Property Path use in Wikidata Queries
I recently began taking a look at the Wikidata query logs that were published a couple of months ago and wanted to look into how some features of SPARQL were being used on Wikidata. The first thing I’ve looked at is the use of property paths: how often paths are used, what path operators are used, and with what frequency.
Using the “interval 3” logs (2017-08-07–2017-09-03 representing ~78M successful queries1), I found that ~25% of queries used property paths.
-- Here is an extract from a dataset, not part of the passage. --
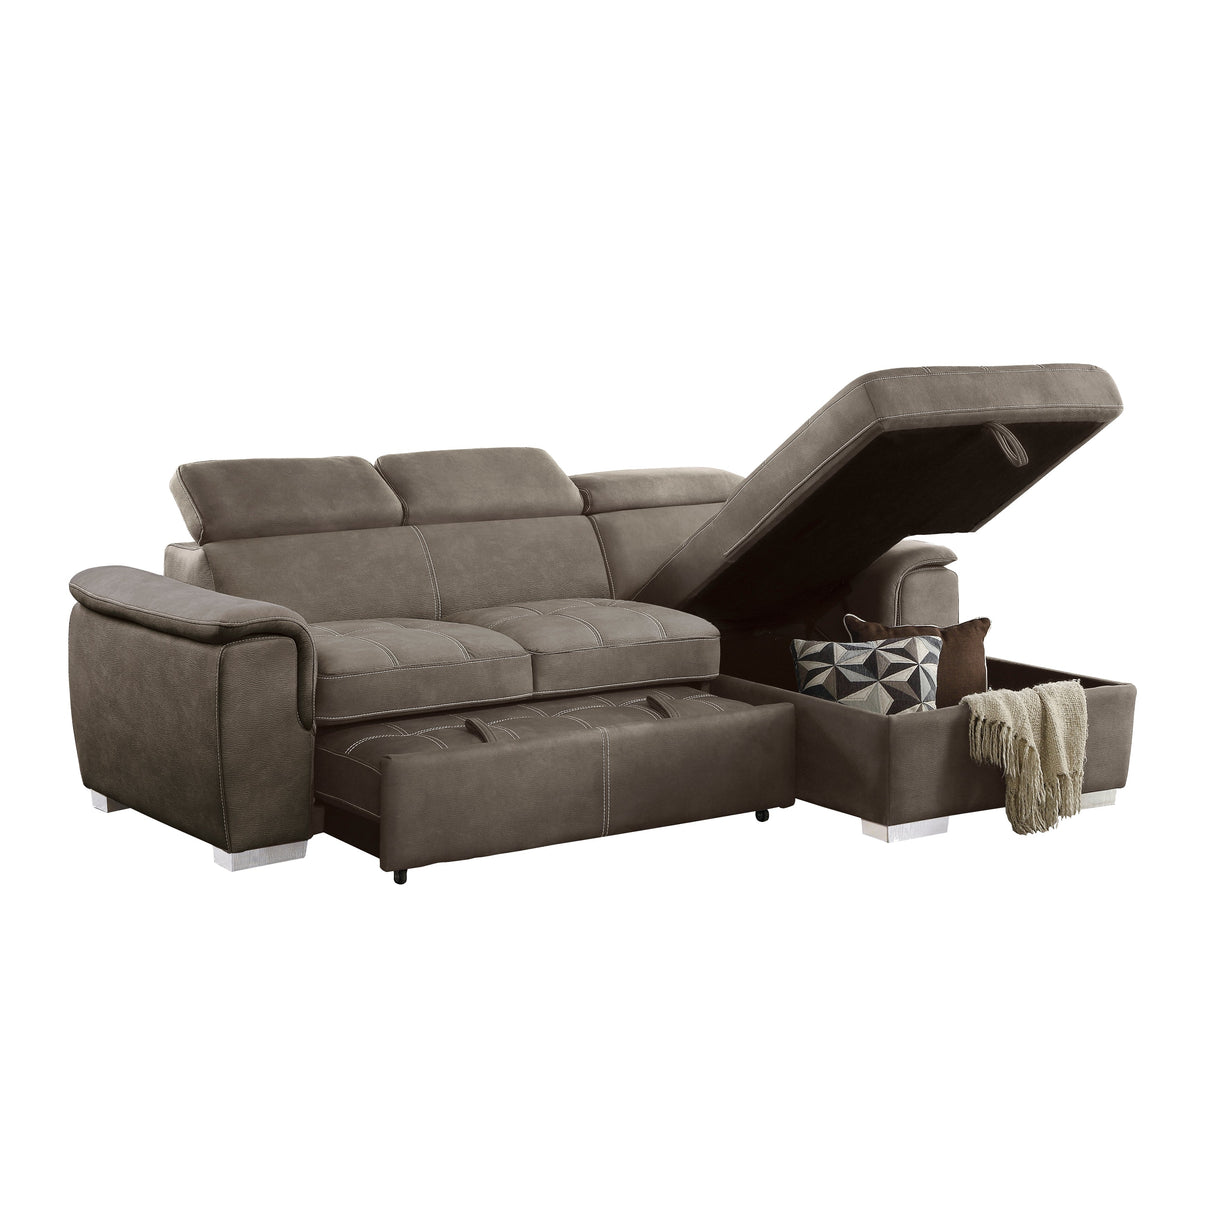 Ferriday Taupe Storage Sleeper Sectional

The vast majority of these use just a single property path, but there are queries that use as many as 19 property paths:
Pct. | Count | Number of Paths |
---|---|---|
74.3048% | 58161337 | 0 paths used in query |
24.7023% | 19335490 | 1 paths used in query |
0.6729% | 526673 | 2 paths used in query |
0.2787% | 218186 | 4 paths used in query |
0.0255% | 19965 | 3 paths used in query |
0.0056% | 4387 | 7 paths used in query |
0.0037% | 2865 | 8 paths used in query |
0.0030% | 2327 | 9 paths used in query |
0.0011% | 865 | 6 paths used in query |
0.0008% | 604 | 11 paths used in query |
0.0006% | 434 | 5 paths used in query |
0.0005% | 398 | 10 paths used in query |
0.0002% | 156 | 12 paths used in query |
0.0001% | 110 | 15 paths used in query |
0.0001% | 101 | 19 paths used in query |
0.0001% | 56 | 13 paths used in query |
0.0000% | 12 | 14 paths used in query |
I normalized IRIs and variable names used in the paths so that I could look at just the path operators and the structure of the paths.
The type of path operators used skews heavily towards *
(ZeroOrMore) as well as sequence and inverse paths that can be rewritten as simple BGPs.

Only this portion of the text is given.